My Aunt Charlotte died today.
She was up and about in her assisted-living apartment, had a chat with her youngest daughter, was a bit winded so took a seat just before or while getting a nebulizer treatment, and when the nurse returned, she was gone.
Just like that, she was gone.
Not “just like that”, really. She’d been in and out of the hospital for the past 6 months, year, and she was in her eighties. Still, I thought I’d see her again.
I saw her at my niece’s wedding this past June, but didn’t get a pic of her; here’s one from 10 years ago, probably at that same niece’s graduation:

She was a funny lady, always crabbing about something but always with good humor. She could dish it out, take it, then dish out some more. Her kids, my three cousins, were terrible with her, which is to say, wonderful.
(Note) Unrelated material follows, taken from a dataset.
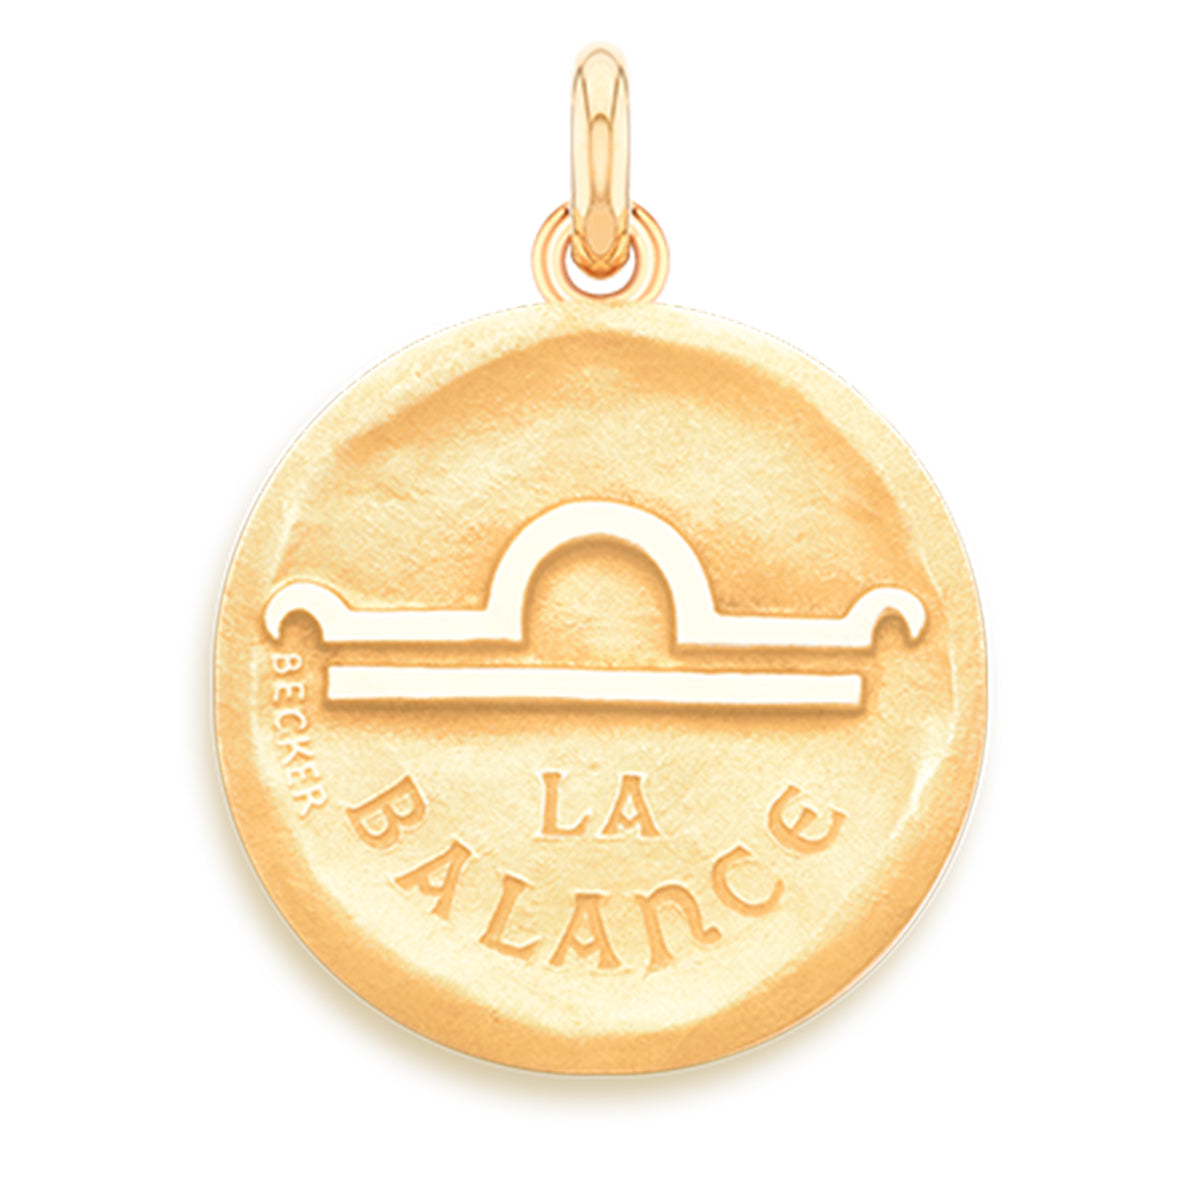 Libra /La Balance 18k Symbol Medallion Charm

They loved her and she loved them.
I worked for her when I was in high school. She ran a janitorial service, so a few nights a week during the summer I’d head down to her place and we’d (sometimes one of her kids, sometimes my brother) head to some business in Sheboygan—a bank, say, or a law office—and empty trash cans and wash windows and vacuum and clean the bathroom. It didn’t pay much, and she expected good work, but she didn’t didn’t exactly crack the whip with us. Once I went off to college, that was the end of my employment with her, but my brother spent a few years during and after high school cleaning.
Char always had something going on. She worked long after she probably needed to, but she like to get out, liked her independence. She lived in the house where she grew up, one of the oldest ones in Falls, and she was a common sight at the local coffee shops and diners. And she’d always show up to her grandkids’ games and plays and whatnot, griping about the cold or the hard benches—but never about the grandkids. They loved her and she loved them.
I always liked to see her when I was back in Falls. We’d sit down and she’d have a story and pretty soon we were laughing and teasing each other. When I was little I’d sometimes stay over at her house, and I have the vaguest memory of her dog, Schnappsie. Schnappsie was a dachshund, and I liked to sit on her couch with my back slightly out, so that Schnappsie could snuggle in behind me, his head off one hip with his tail off the other.
One more story: her house, as I mentioned, was old, with the requisite gloomy basement. But one year, at a party of some sort or another, the tornado siren went off, so we all crowded down into it with our plates of cake and sodas, folding chairs spread out next to the caved-in cistern. I don’t know if or where that tornado touched down, but we kept on going.
I feel bad for my cousins, losing their mom, but I feel even worse for my mom. Her oldest (half-) sister, Mickey (née Thelma), died years ago, but the age distance was so great that they didn’t have much of a relationship. Charlotte was next, and then Janet (who is ailing), and then my mom. My mom and Charlotte talked regularly; they were close, they loved each other.
Here’s a shot of all of them with their parents and some cousins:

That’s my Aunt Mickey, on the far left, with her son, Ted, my grandpa behind her. Charlotte’s next to Mickey, with my mom right in front of her and Janet next to my mom; that’s my grandma (who died before I was born) behind Janet, and the cousins, Kay and Violet, on the right.
That was almost 72 years ago.
My mom’s the youngest, as I’m the youngest not just of our immediate family, but of that generation of McCues. There are children and grandchildren and great-grandchildren of these McCues, scattered across the country. I won’t be able to make it back to Wisconsin for the funeral, but many of us will.
Because she was Charlotte, and she was loved.